The scrutiny comes at a time of growing concern over what Costa-Pierce, who heads the Rhode Island Sea Grant Program, calls "America's coastline crisis," driven in large part by the flood of people to coastal regions.
Worldwide, the quest to live on the coast is "the greatest human migration of all time," he asserts. In the US, Pew's commissioners cite estimates showing that more than half the US population currently lives in counties along the nation's sea coasts. By 2015, another 25 million people are expected to make their homes in these areas.
The growth comes at a time of shifting views about the oceans, according to Adm. James Watkins, chairman of the 16-member federal Commission on Ocean Policy.
"We cannot expect the oceans to forever absorb some of the ills of mankind, such as pollution and urban runoff," he says. The ocean "has limits, and I think we're learning that. We've also learned that the oceans don't start at the coastline."
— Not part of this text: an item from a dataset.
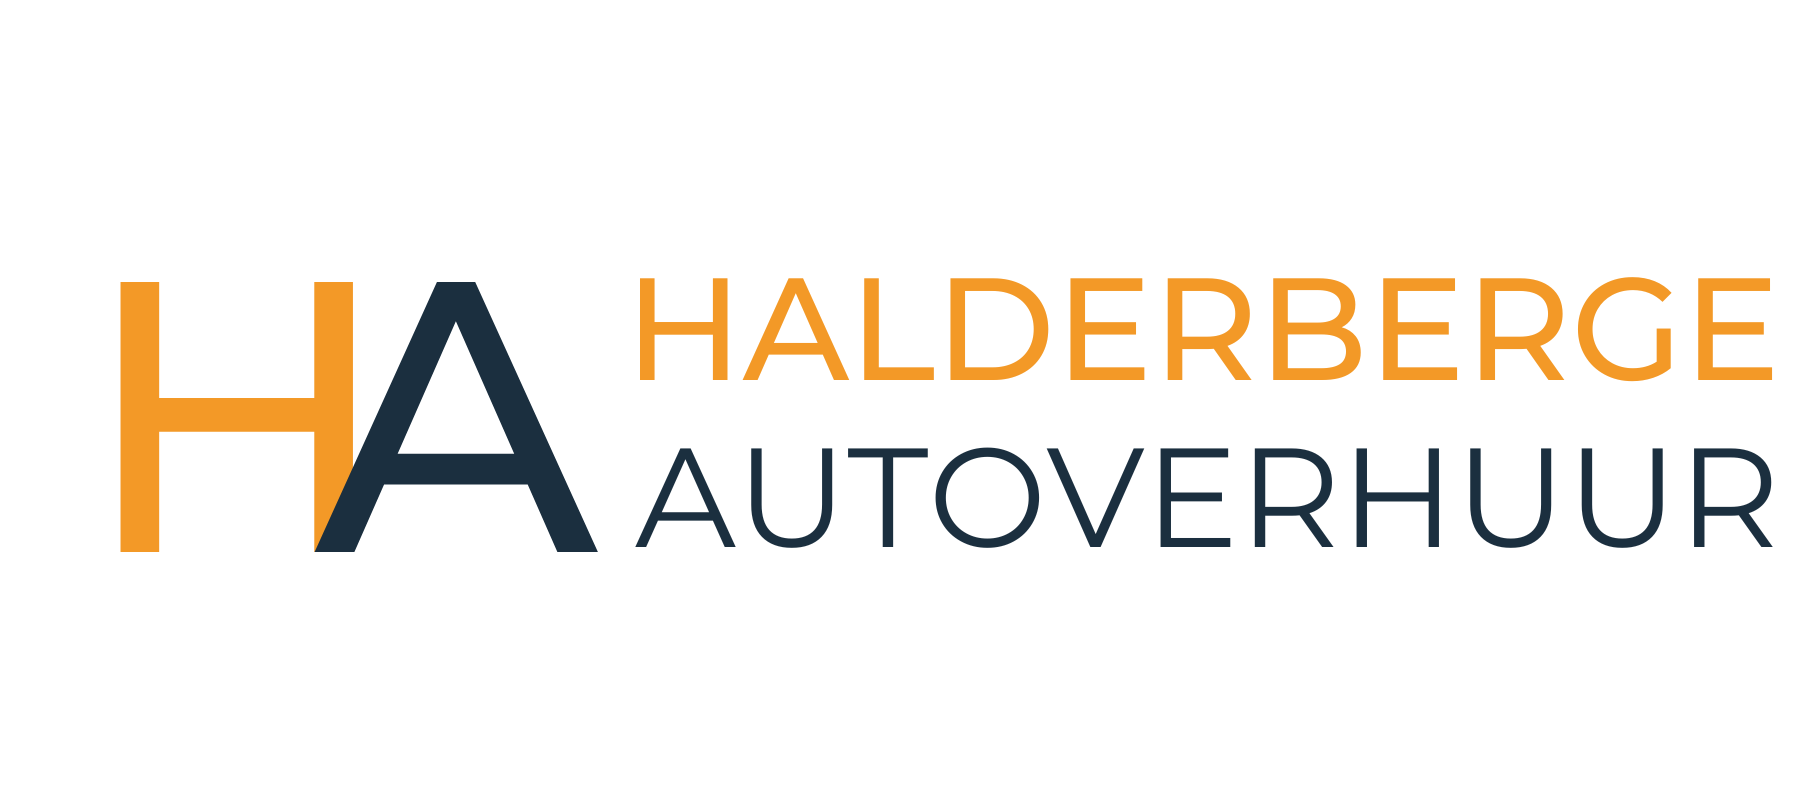 Autoverhuur Halderberge

To illustrate the point, he and others cite the "dead zone" in the Gulf of Mexico, a patch of ocean the size of Massachusetts that builds each spring and summer. The Mississippi River flushes nutrient-laden runoff from the farming heartland into the Gulf, where it triggers vast algae blooms. When the algae die, decomposition deprives the water of dissolved oxygen, suffocating any sea creature too slow to beat the zone's spread.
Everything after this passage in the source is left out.